Review: The Pynnacles

Veteran Portland rockers band together to form a low-key supergroup with a super new album. March 30 at Tonic Lounge.

By John Chandler March 25, 2013


Honest, we need more bands like the Pynnacles, for the simple reason that they never, ever forget to kick a song as hard as it can be kicked. Screw the introspection, let's twist and shout our blues away!
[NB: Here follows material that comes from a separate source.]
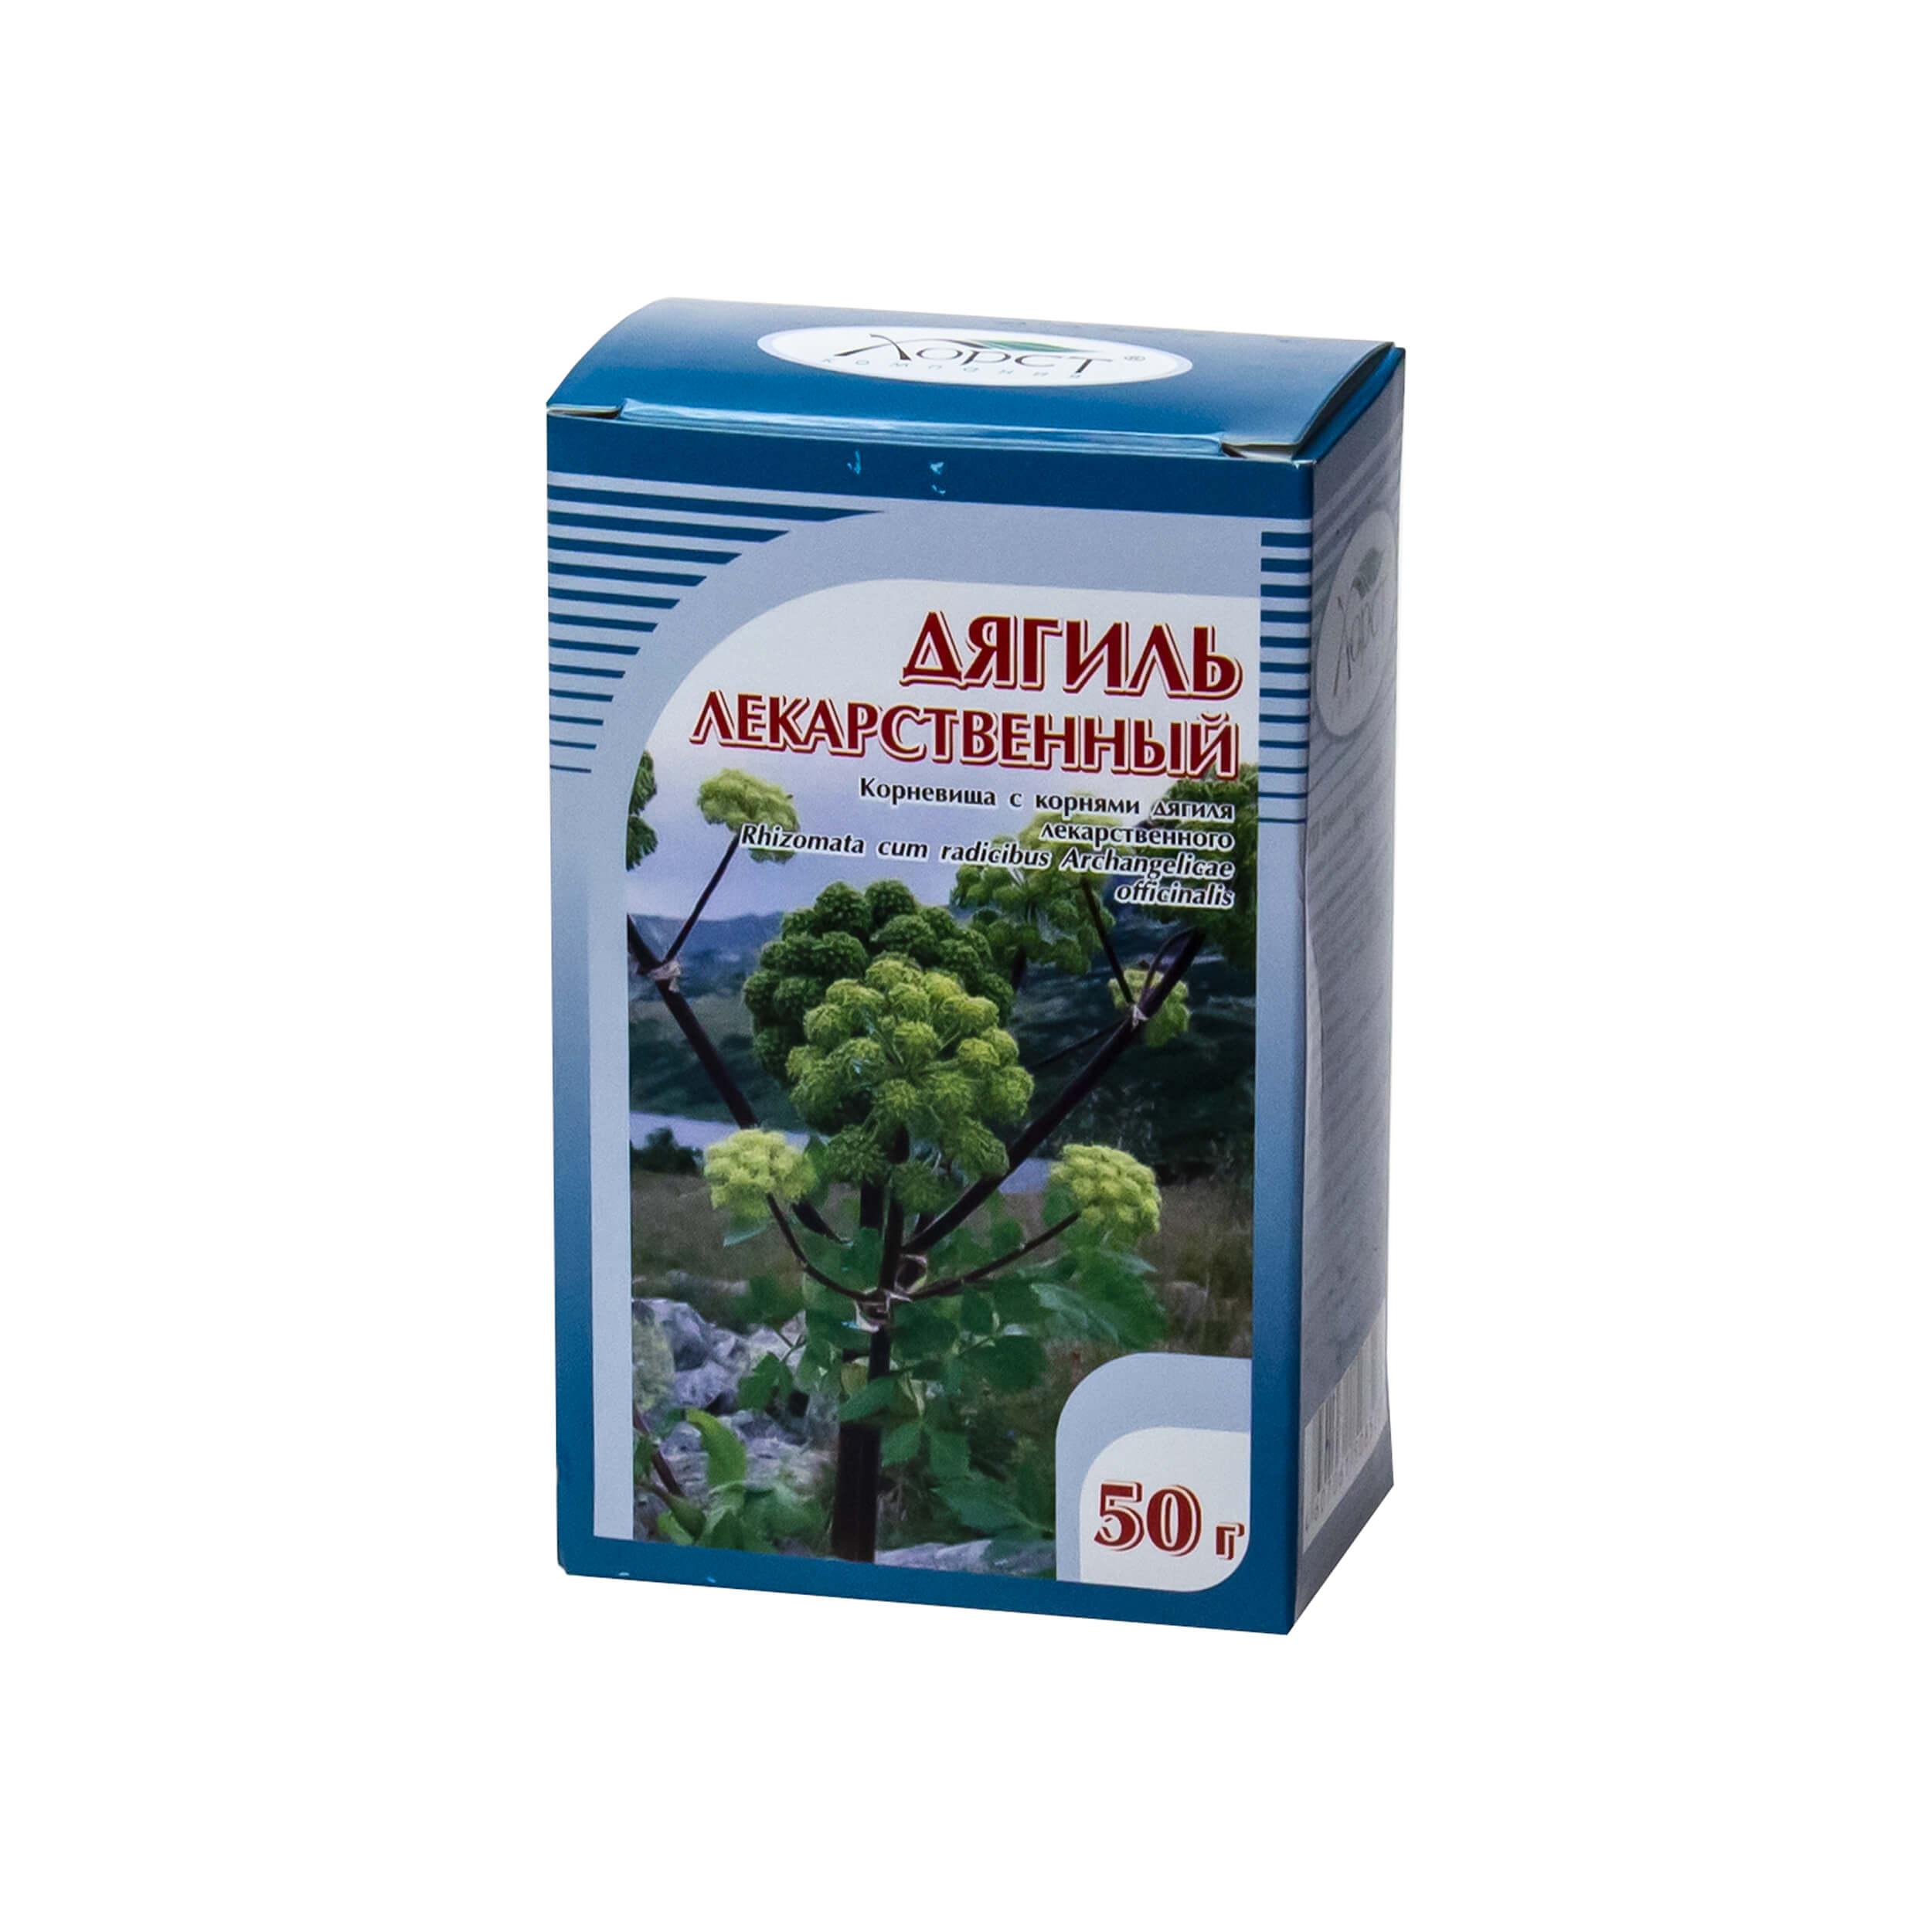 Дягиль лекарственный (корневища с корнями, 50 грамм) фото

Comprised of seasoned local veterans Sean Croghan (Crackerbash, Junior High), keyboardist Tamar Berk (Paradise), guitarists Scott Fox, Dave Busaker and bassist John Cox (all Satan's Pilgrims), and drummer Thom Sullivan (Kleveland, Strange Effects), the Pynnacles play in a proudly retro style best-described as garage-psych, that's awash in fuzzy, reverbed guitar, agile funhouse organ flourishes, and tough-guy drumming. But there's nothing derivative or primitive about the band's approach; all six members have sufficient chops to play it with equal parts ferocity and finesse. Whether it's a straight-up shaker like "She Got Me Hipnotized'" or an eerie sad trip like "Spiral Stairs," the songs on the Pynnacles self-titled debut are marvelously varied and savagely executed, with subtle, knowing nods to soul, surf, punk, and such hallowed Northwest rock forebears as the Sonics, Paul Revere & the Raiders, and the Miracle Workers.  
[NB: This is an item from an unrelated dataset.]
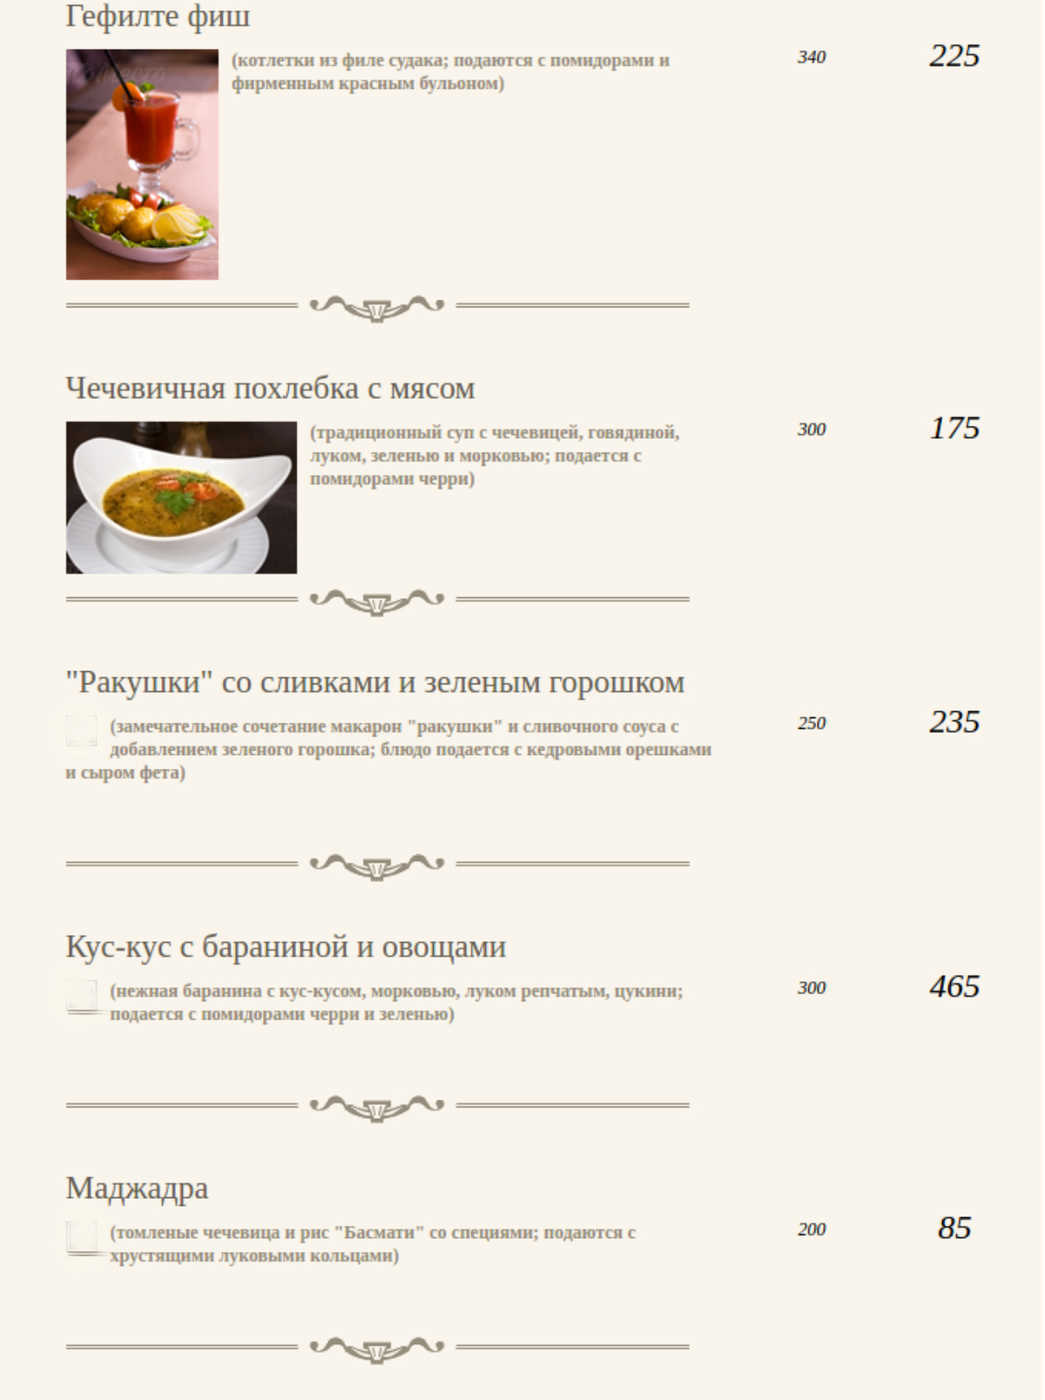 Меню кафе, ресторана Город N на улице Челюскинцев

Croghan's lusty vocals are a leather-glove fit with the gritty romanticism of the material, as he can sound nervous and uncertain one moment and erupt like Vesuvius the next. His adolescence may be a long ways in the rearview mirror, but Croghan is a singer who can summon a sense of hysterical frustration as easily as any horny, misunderstood teen. His blood-curdling scream on "Walk," for example, will definitely blow your hair back. And Berk's elegant organ and piano on songs like "No I Don't" and "Into the Stratosphere" adds a veneer of polished sophistication that stands in cool contrast to the beehive of buzzing guitars.

The Pynnacles                   @ Tonic Lounge         March 30 at 9 pm

This is a dynamite debut album, and worth a place of honor in your Portland rock rotation. But I strongly advise you not to miss the Pynnacles in concert, as all of these amazing attributes emerge tenfold onstage. Plus, you get to see Thom Sullivan doing some serious work on the drums.